Sorry for the omission. It was ABS
Thanks for the feedback, you’re correct this is not with UP! ABS (because its so damn expensive). I do however have some of the UP eom white ABS left so I will try with that tomorrow.
I do have the temp software mod and lowered the temperatures a bit and they seemed to print a bit better on the backside, see images on my hub page. I also tried one in each corner of the plate/mesh all at the same time on fine sped setting to see if it was a warping thing (heating element is on centre of plate, I have modded that from 50c to 90c for larger prints).
However there is always room for improvement may I ask what ABS and/or PLA you use in your mini ? Always the UP filament or another that works well ? And where do you order from ?
i have had mixed success with PLA, the extruded can never grab the likes of faberdashery easily and always click click clicks at start of the print, have you found any pla that works well with it (if I start a job and feed it in at same time it works fine, but have to so this for each PLA print) again temps lower via the mod, the output is fine but its a pain in the rear.
Thanks James,
There is the option to print with doors open and a small desk fan blowing in there (the same as I do for PLA printing on this printer, having lowered temps with the software mod). I could also try a lower extrusion temp too. Also the print head has a selector for directing more air onto the print as it comes out which I presume will cool it quicker too, probably a good idea for Marv as he is so small.
I will give thrm all a try tomorrow and report back, thanks again.
well here is the orange PLA (faberdashery) the first one didn’t print too well using standard UP temperatures, I changed the print temp to 230, the under extruding problem seems to have gone now but its just not quite as sharp on the bottom of Marvs helpmeet, its the only place I notice it really, grey and white are ABS ,PLA orange in the middle, welcome any thoughts on sharpening up the edge of the helmet in the PLA
You should eb able to go lower on that temp - 230C is more an ABS temp. Faberdashery stuff is usually a better grade of PLA so it would be on the higher end, like 210C. Just listen for a jam towards the first few minutes so you can catch it early if it’s too low and save yourself having to clean out PLA dust form the jam.
Other than that, front and top open of course and a fan direct on the print (wind barrier fan is not enough). If you can’t direct it well on to the print insulate/screen your hotend and nozzle as best you can. Forcing the hotend to work harder can result in more heat working up in to the top of the extruder.
If I may offer my experience with acetone vapor smoothing for ABS.
I find that using only vapor, the detail of the print is damaged too much by the time the required smooth finish is achieved. To overcome this, I do my treatment as a 2 part process :
I use step 1 to strengthen the part ( using the acetone to better join the layers ), and then step 2 to make it look good and glossy.

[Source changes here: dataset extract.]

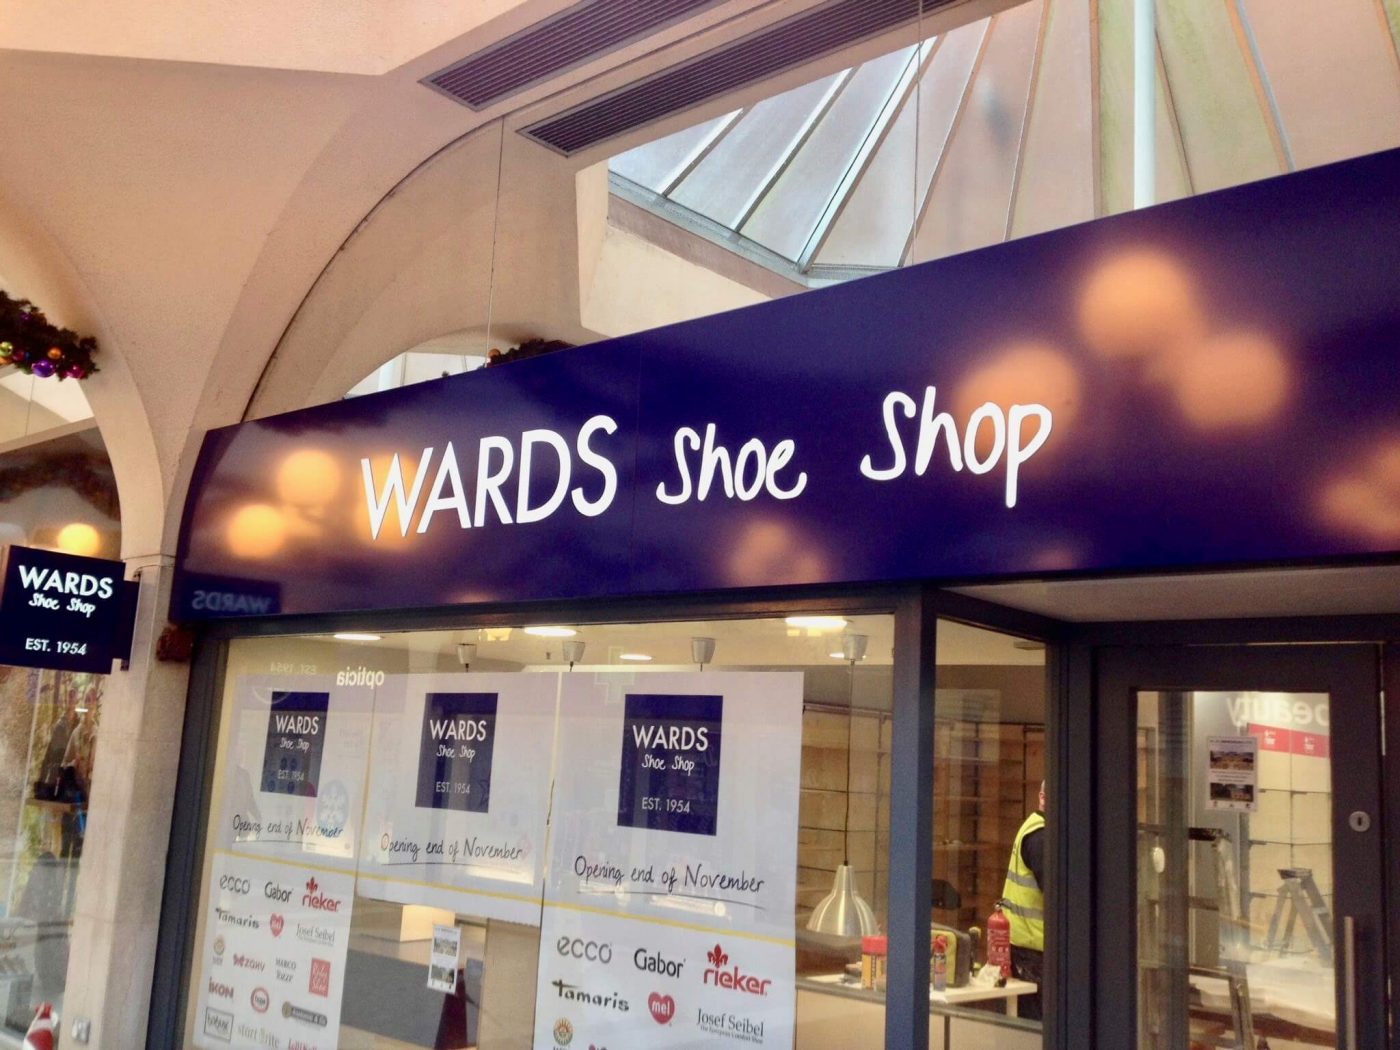 Wards Shoe Shop

Note : I do not sand any part until after step 1. I think that if you sand the part, you are clogging the small gaps between layers with dust and limiting how well the acetone can work.
so step 1 : to strengthen the part, I either dip the entire part in acetone, or if it is larger I use a 1cm wide paintbrush and paint on the acetone. After each I shake / blow off the excess acetone.
After step 1, the part will have a white / light patchy stain over most parts, and you’ll think you have ruined your print - do not worry - you have not.
Leave it for 1 hour for the acetone to evaporate and the ABS to harden. You can then do any sanding that you want.
Step 2 is to give the part the gloss shine - do a hot acetone vapor treatment and you’ll see the discoloration disappear within a few seconds. Vapor treatment only takes about 5 to 10 seconds.
My hot acetone vapor treatment takes me about 4 minutes in total from start to glossy print.
I use an old cheap tin cooking pot, about 2-3 liter capacity. A large deep metal coffee tin would work just as well.
I rinse the pot with a little water, pour out the water, and then heat the pot on an outdoors gas cooker ( bbq ).
Heat until the last of the water has boiled away. This means that the pot is now hot.
Use a small jar to measure about 30ml acetone - keep it covered and away from the gas flame.
Turn off the gas - this is an important step !!
Now pour the acetone in to the pot and put on the lid.
Wait about 20 - 30 seconds for the acetone to vaporize.
Slide off the lid and insert your print ( hanging from a wire or cotton thread ).
You can watch the color return and the gloss appear in a few seconds.
Remove the part and hang to dry for 15 minutes.
Done.
Thanks. I am going to give this a try. I never thought to use acetone to strengthen the layer bond. New tool for the 3D printing tool box.